Column: Disrespect for civil liberties begins with American citizens

America’s foreign policy is terrible. It’s reactionary, it’s violent and it’s inhumane. The United States of America tortures — wait, excuse me, we “engage in enhanced interrogation techniques.” We imprison American citizens without due process. We murder civilians — excuse me again, “enemy combatants” — around the globe with the barest pretense of congressional approval. In a New York Times story last May, President Barack Obama’s policy toward civilian casualties was revealed as counting all military-age males in a strike zone as “combatants” unless there is posthumous evidence proving their innocence.

Let’s unpack that a bit. If you have the misfortune to be in the vicinity of a drone strike, tough luck: You’re a terrorist. Walking your dog? Too bad! You’re a terrorist! The check, the only check, on this current classification other than the president’s discretion is that you can be declared a civilian after you’ve been bombarded if “evidence surfaces.” Small compensation, I imagine, when you’ve already been vaporized.

The shoddy reasoning, suspect legality and heinous morals can be seen throughout American foreign policy. In a world where being in the vicinity of a drone strike makes you automatically guilty, can we be surprised the rights of Americans are regularly abridged? Is it any wonder hundreds of people remain in custody without trial years after President Obama vowed to restore due process? Since 2001, both parties have shown equal disrespect for the civil liberties of America and her enemies. The liberal wing of the Democratic Party once loudly complained when George Bush trampled on our constitution. Their silence now, as Obama carries out substantially the same policies as his predecessor, is as deafening as it is embarrassing.

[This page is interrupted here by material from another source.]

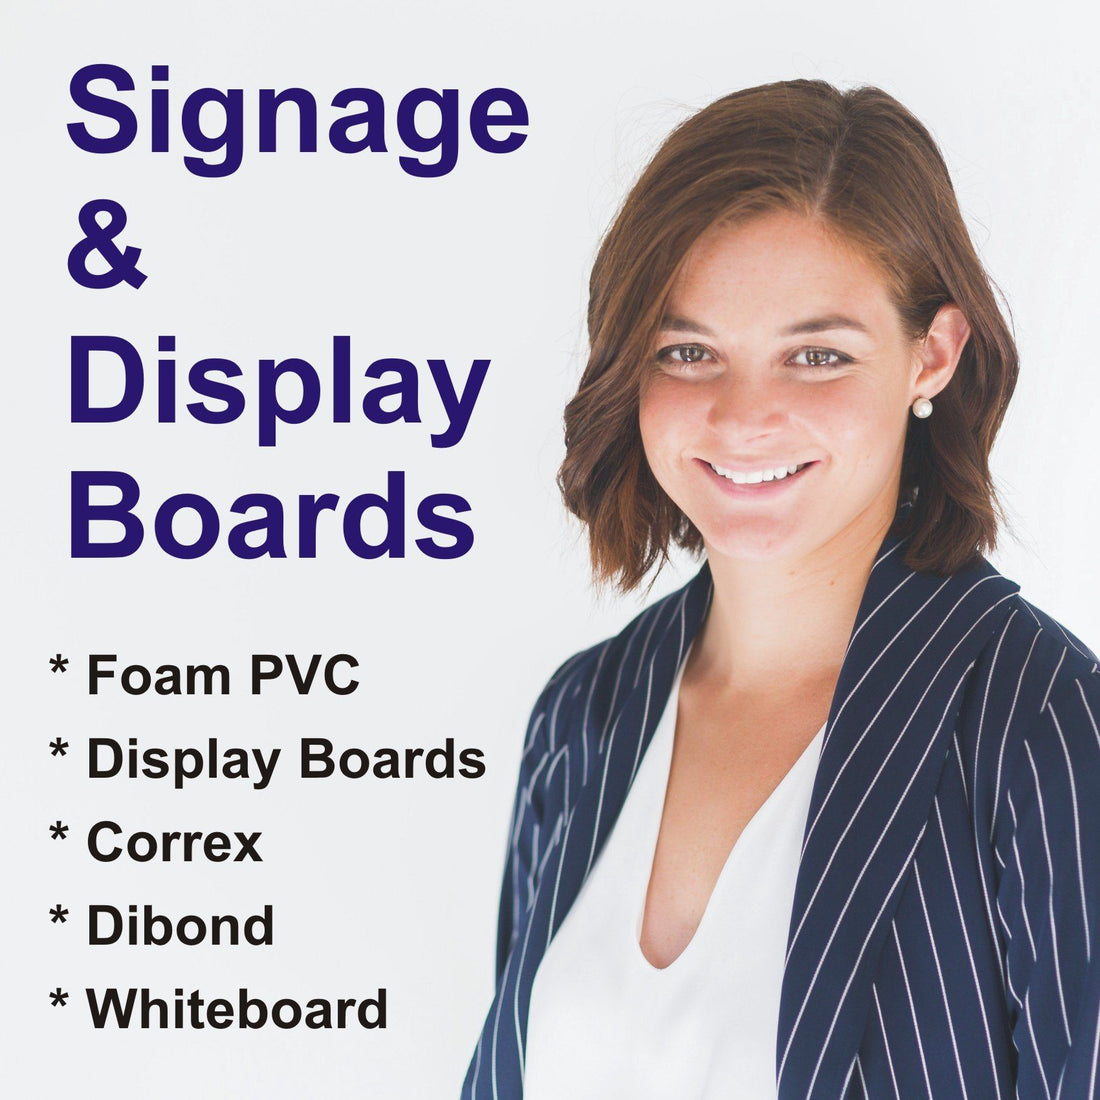 Do you need to Order Signage & Display Boards?

The silence reflects a fundamental truth: American politicians long ago gave up a nuanced view of geopolitics. The black-and-white realities of World War II and the Cold War are over, but their legacies have persisted. We should be seeking to understand why the Middle East fears Israel, but instead we hear our leaders label Iran a joint on an imaginary “axis of evil” and subsequently demolish its economy with onerous United Nations sanctions.

Yet why would our politicians do anything differently? The iron rule of democracy is that popular sentiment leaks to the ruling class. Politicians, at the end of the day, are just trying to get elected. The American populace is, in its majority, unable to wrap its mind around the idea that bombing a bunch of people in the middle is not in the national interest. American militarization, American aggression and America’s maddening tendency to create its own enemies — liberals are quick to blame a troupe of actors. Corporate financiers of elections, Israel and a shadowy all-powerful military-industrial complex are regularly accused to be conspirators.

The truth is simpler and more depressing: We are the problem. Mitt Romney won votes last night warmongering Iran and threatening Russia. Obama won some of those votes back by highlighting his extralegal murder of “enemy combatants” and promising to bring China to heel. The candidates are smart: They know this is what the American people want. Candidates know foreign policy liberals won’t rock any boats, and any grassroots movement to restore our liberties will wither when labeled as “unrealistic,” as “weak,” as out of touch with the threat our enemies pose.

No change to our current foreign policy is on the horizon. The two candidates possess, for all intents and purposes, platforms that reflect the general will of the American public. Their views are united in utter disrespect to the lives of foreign civilians and the rule of law. Does that make you mad? It makes me mad. But it isn’t a conspiracy. It’s democracy. This is how it works.